Motion by BIRMINGHAM DIVISION:
That this meeting believes the Government’s10-Year Health Plan for England threatens the independent contractor status of GPs and:-
i) recognises the importance of independent contractor status of GPs for clinical autonomy, continuity of care, patient advocacy, GP recruitment and sustainable primary care;
ii) reaffirms the BMA’s commitment to the independent contractor model in general practice;
iii) calls for the BMA to lead a co-ordinated campaign against any proposals within the 10-Year Plan that would undermine or dismantle the independent contractor status of GPs;
iv) believes if the independent contractor status of GPs is not safeguarded, that the 10-Year Plan should be opposed.

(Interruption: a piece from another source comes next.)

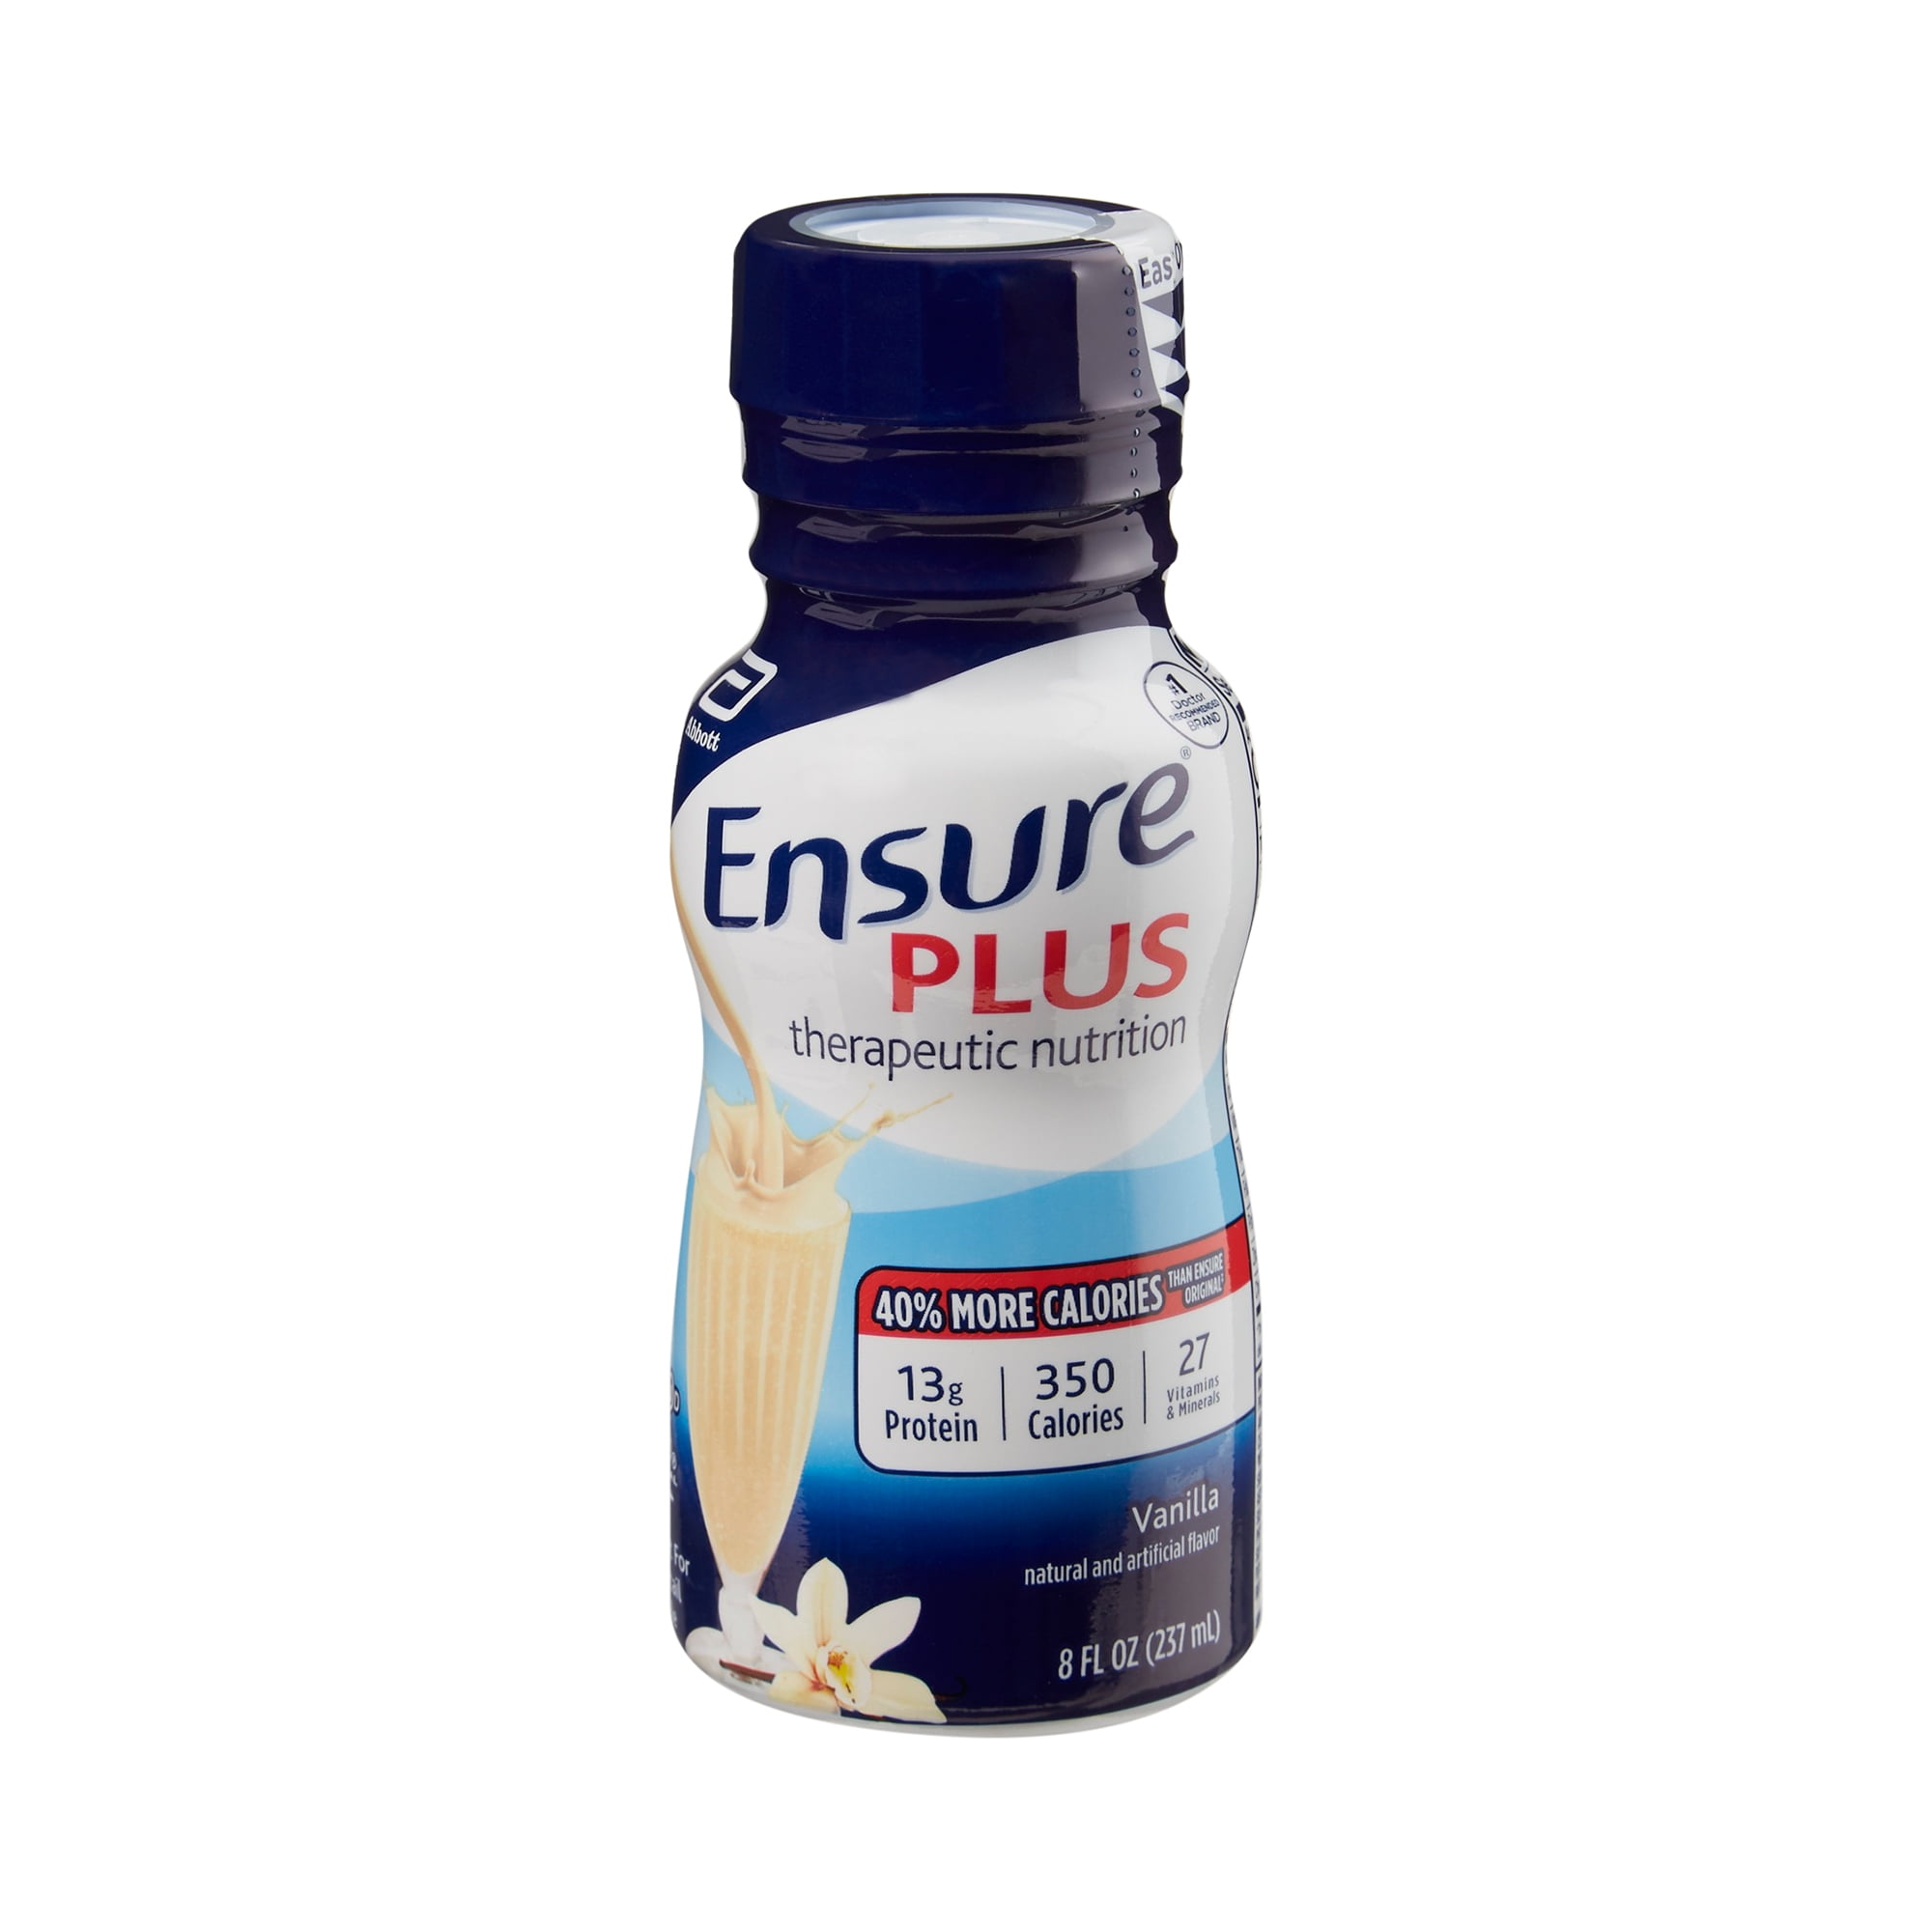 Ensure Plus Vanilla, 8 Ounce Bottle, Therapeutic Nutrition, Abbott

Motion by THE AGENDA COMMITTEE (TO BE PROPOSED BY MEDICAL STUDENTS CONFERENCE AGENDA COMMITTEE):
That this meeting notes the commitment in the NHS 10-year plan to expand specialty training places and prioritise UK graduates for foundation and specialty training, and to prioritise other doctors who have worked in the NHS for a significant period for specialty training. However, it is concerned that the proposed expansion will not adequately address issues with postgraduate recruitment nor create a sustainable medical workforce, and condemns the current mass unemployment of doctors across the UK. Therefore, this meeting calls upon Governments to:-
i) implement UK medical school graduate prioritisation for the UKFP26 and specialty training 2026 round 1 recruitment cycles; ii) expand foundation and specialty training places in line with medical school growth, pausing further medical school expansion until this is achieved;
iii) create a long-term workforce plan to model the number of senior doctors required in the future and fund the corresponding number of medical school, foundation and specialty training places.